Sound advice - blog

Tales from the homeworld

My current feeds

Wed, 2006-Jan-11

Machine Microformats

I find microformats appealing. They solve the problem of putting data on the web simply without having to create extra files at extra urls and provide extra links to go and find the files. The data is in the same page as the human-readable content you provide. Like HTML itself, micrformats allow you put your own custom data into the gaps between the standard data. They effectively plug a gap in the semantic spectrum between univerally-applicable and individually-applicable terms. I have been working on various data formats during my first week back from annual leave, and the question has occured to me: "How do I create machine-only data that plugs the gap in a similar way?".

It doesn't make sense to use microformats directly in a machine-only environment. They are designed for humans first and machines second. However, it does make some sense to try and learn the lessons of html and microformats. When XML became the way people did machine to machine comms a strange thing happened. Instead of learning from html and other successful sgml applications, we jumped straight into strongly-typed thinking. HTML allows new elements to be added to its schema implicitly with "must-ignore" semantics for anything a parser does not understand. This allows for forwards-compability of data structures. New elements and attributes can be added to represent new things without breaking the models that existing parsers use. Instead of following this example in XML we defined schemas that do not assume must-ignore semantics. We defined namespaces, and schema versions. When we introduce version 3.0 of our schema, we expect existing parsers to discard the data and raise an error. This is the way we're used to doing things in the world of remote procedure calls and baseclasses. In fact, it is the wrong way.
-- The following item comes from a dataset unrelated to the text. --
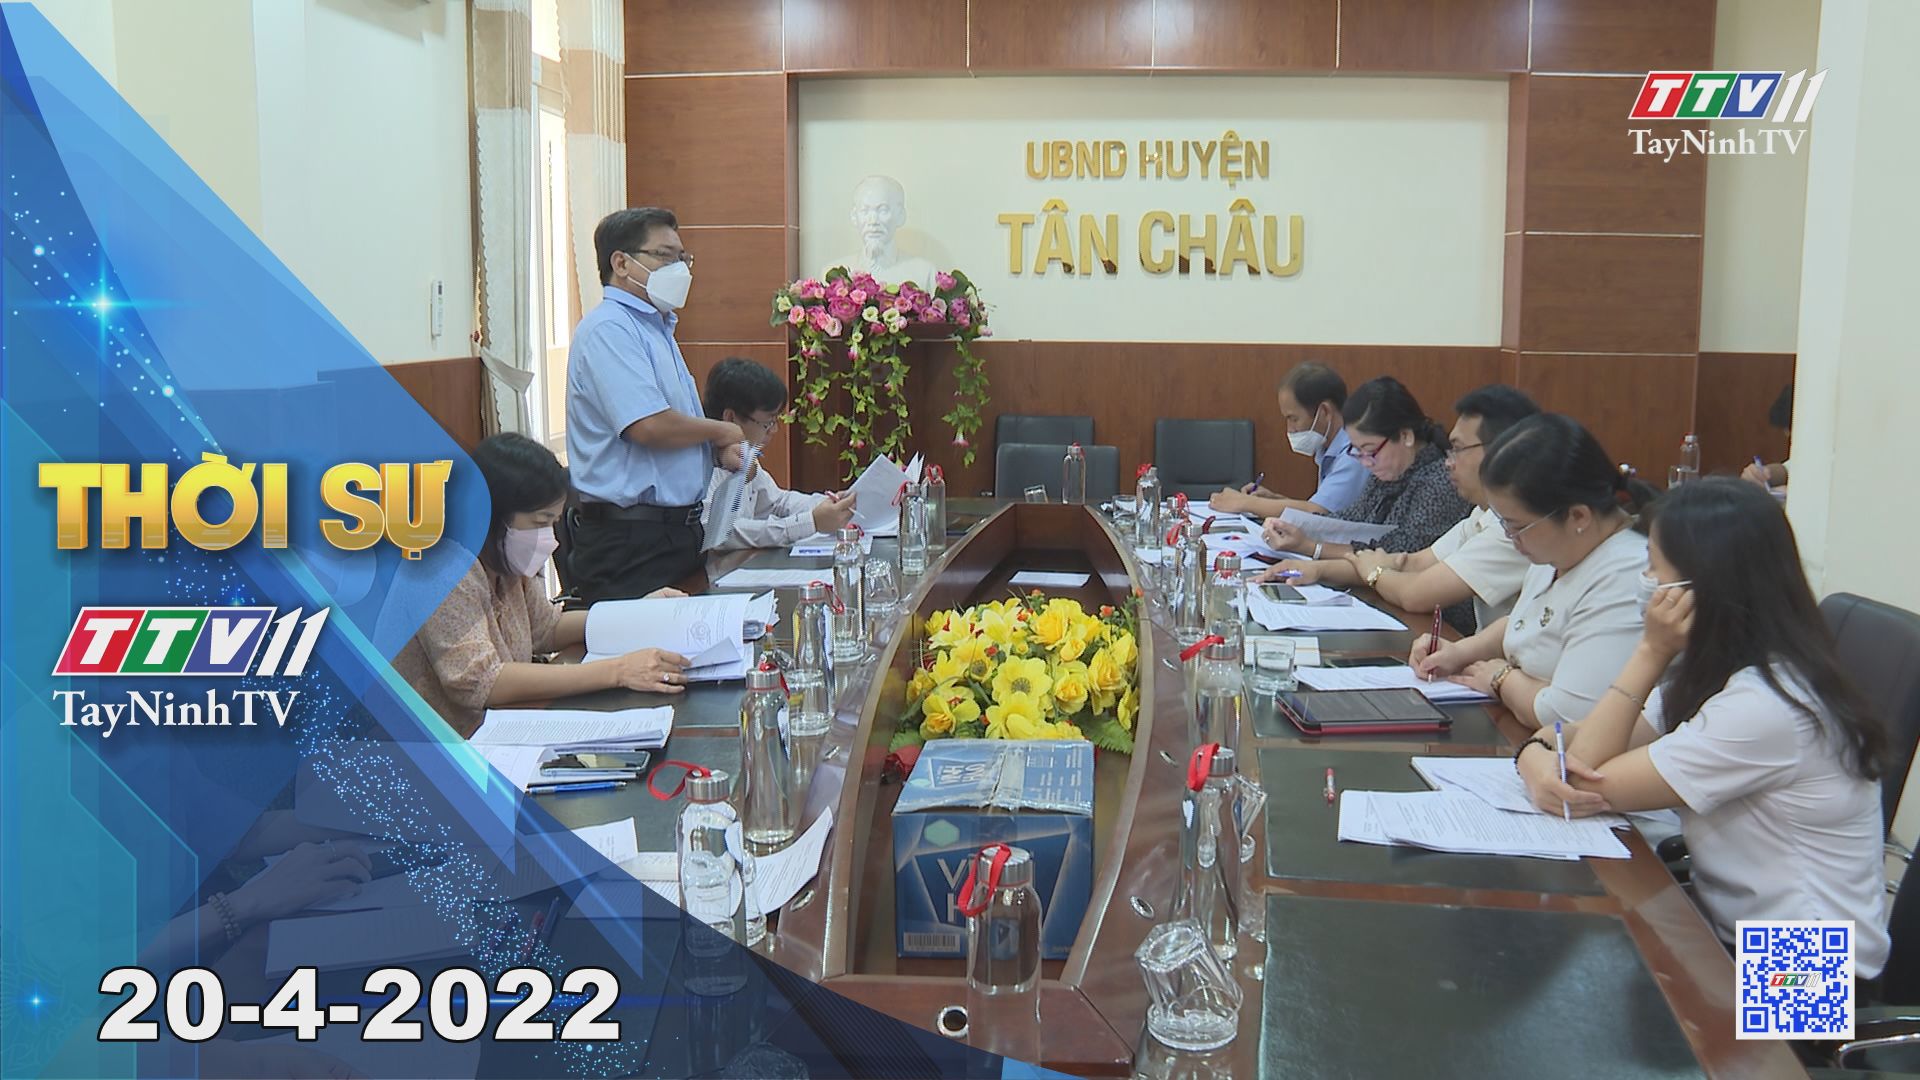 Thời sự Tây Ninh 20-4-2022 | Tin tức hôm nay | TayNinhTV

My approach so far has been to think of an xml document as a simple tree. A parser should follow the tree down as far for as it knows how to interpret the data, and should ignore data it does not understand. Following the microformat lead, I'm attempting to reuse terminology from existing standards before inventing my own. The data I've been presenting is time-oriented, so most terms and structure have been borrowed from iCalendar. The general theory is that it should be possible to represent universal (cross-industry, cross-application), general (cross-application), and local (application-specific) data in a freely-mixed way. Where there is a general term that could be used instead of a local term, you use it. Where there is a universal term that could be used instead of a general one, you do. The further left you push things, the more parsers will understand all of your data.

At present, I am also following the microformat lead of not jumping into the world of namespaces. I am still not convinced at this stage that they are beneficial. One possible end-point for this development would be to use no namespace for universal terms, and progressively more precise namespaces for general and local terms. Microformats themselves only deal in universal terms so they should be able to continue to get away without using namespaces.

By allowing universal and local terms to mingle freely it is possible to make use of universal terms wherever they apply. I suppose this has been the vision of rdf all along. In recent years the semantic web seems to have somehow transformed into an attempt to invent a new prolog, but I think a view of the semantic web as a meeting place for universal and local terms is of more immediate use. I think it would be useful to forget about rdf schemas for the most part and just refer to traditional standards documentation such as rfcs when dealing with ontology. I think it would be useful to forget about trying to aggregate rdf data for now, and think about a single format for the data rather than about multiple rdf representations. Perhaps thinking less about the data model rdf provides and thinking more about a meeting of semantic terms would make rdf work for the people it has so far disenfranchised.

Benjamin